Swedish Log Slideshow


http://www.associatedcontent.com/article/1385761/swedish_log_candles_burn_like_magic.html?cat=24

Swedish Log Candles Burn like Magic


----------



## Wood Duck (Oct 26, 2010)

It looks like that swedish candle log was seasoned a while before it was burned. There is no bark and the wood looks a little weathered. If I was plannig to use the pines outdoors, I'd do the same as if I was going to use them indoors. I'd cut to a useable length, maybe 18 or 20 inches, and split each length a few times, then stack to season. Split wood is a lot easier to light than rounds, and really big rounds like your trees are not easy to toss on a fire. It is just easier to have split firewood if you are starting with large diameter trees, in my opinion. I enjoy splitting, so that probably has a large influence on my answer...


----------



## mesuno (Oct 26, 2010)

Yup - thats the bunny a Swedish Candle :D

I'm dying to try one of these out next time I have a fire out in the woods. But the we have lots of old down trunks out there - a mix of oak, chestnut and beech.
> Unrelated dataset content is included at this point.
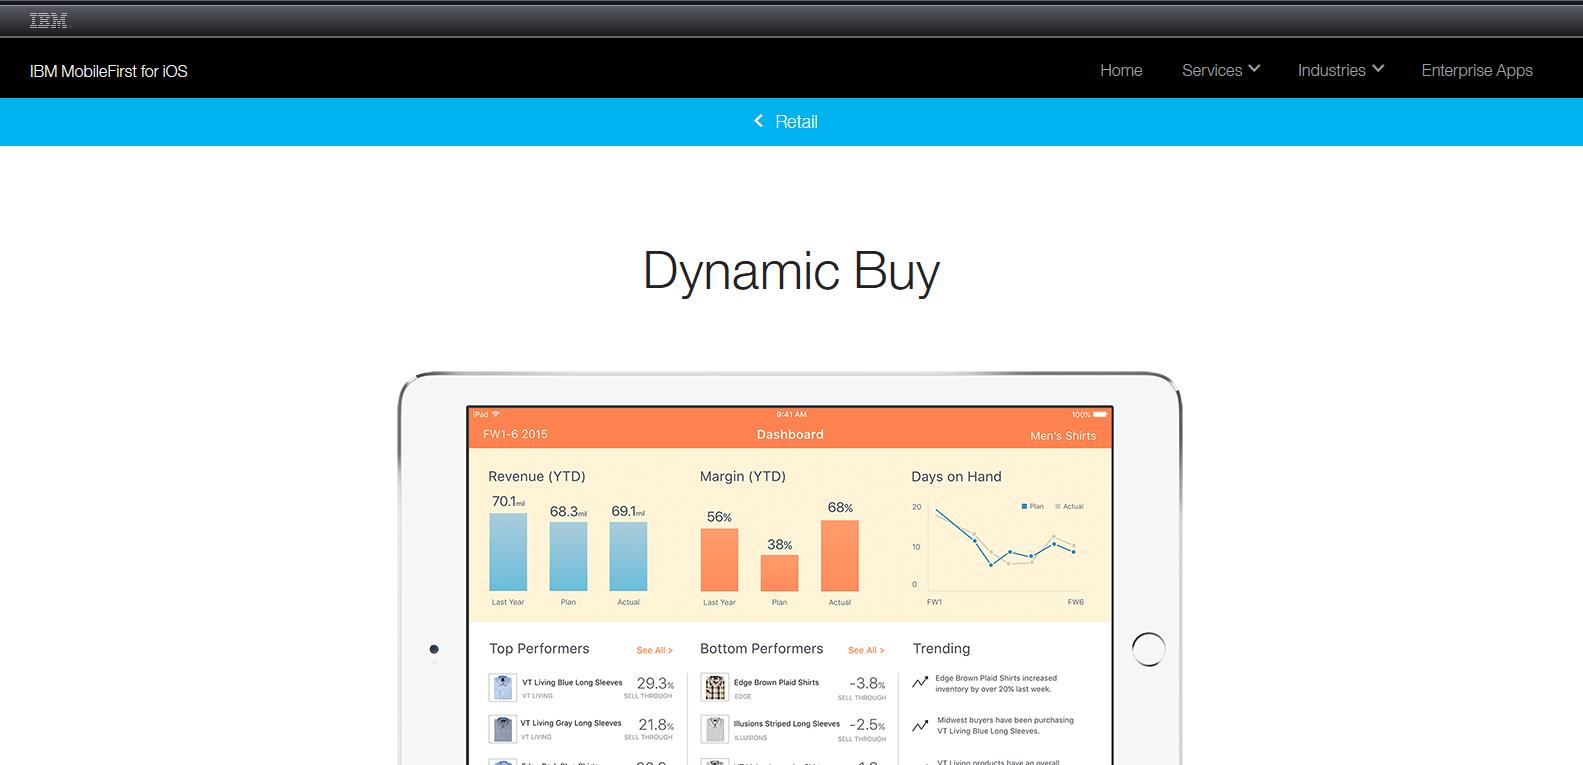 Dynamic Buy

I'm sure I could donate a log to the cause.

And yes, I think they do need to be well seasoned before lighting. I guess if you put the cuts in place before stacking it it would dry much faster than a whole round log.


----------



## jebatty (Oct 26, 2010)

I own a portable mill, Woodmizer, and transporting it to cut up a few trees all depends on how big the trees are plus some other factors. You said your trees were huge. I got more than 1000 board feet of lumber out of one huge white pine tree; quite a quantity of the boards were 18" wide, and I used these for plank flooring in our bedroom - pretty dramatic. 

5 huge trees with 40' feet or more of straight trunk could produce more than a day of sawing and well make it worth hiring a sawyer. If you go that route, have the logs cut into the final length dimension you want + 4" (8' log is 100", 10' is 124", etc.). Also know how thick you want the boards cut: 1", 4/4, 5/4, etc.; maybe some 2 x 6 or larger (where I live 2 x 4's are too cheap to buy to bother making my own).

Now the caveat. If these are yard trees, there is a high probability that they will have nails or other debris in them. I tell my customers that each time I hit a nail, the cost is an additional $35. Nails do a bad number on saw blades. This can mean that the bottom 6-8' may be unusable for sawing, and there is lots of lost lumber here.

If you have space, drying the freshly cut boards is not necessarily a problem Talk to the sawyer as to how to do this correctly. In a nutshell, it is a must that the boards be immediately stacked flat outdoors on stickers with good ventilation. Late fall may not be a good time to to do this if you have low temperatures and/or lots of rain due to slow drying. In summer, a stack of wood in my area may dry to 18-20% in about 4-6 weeks. At that point the boards may be stacked indoors for future use, which may require planing, edging, and dimensioning, unless you can use them rough cut as is (great for utility shelving, interesting ceiling or paneling, and other uses).

I also give a strong endorsement of use for firewood. I burn pine almost exclusively in my Tarm.


----------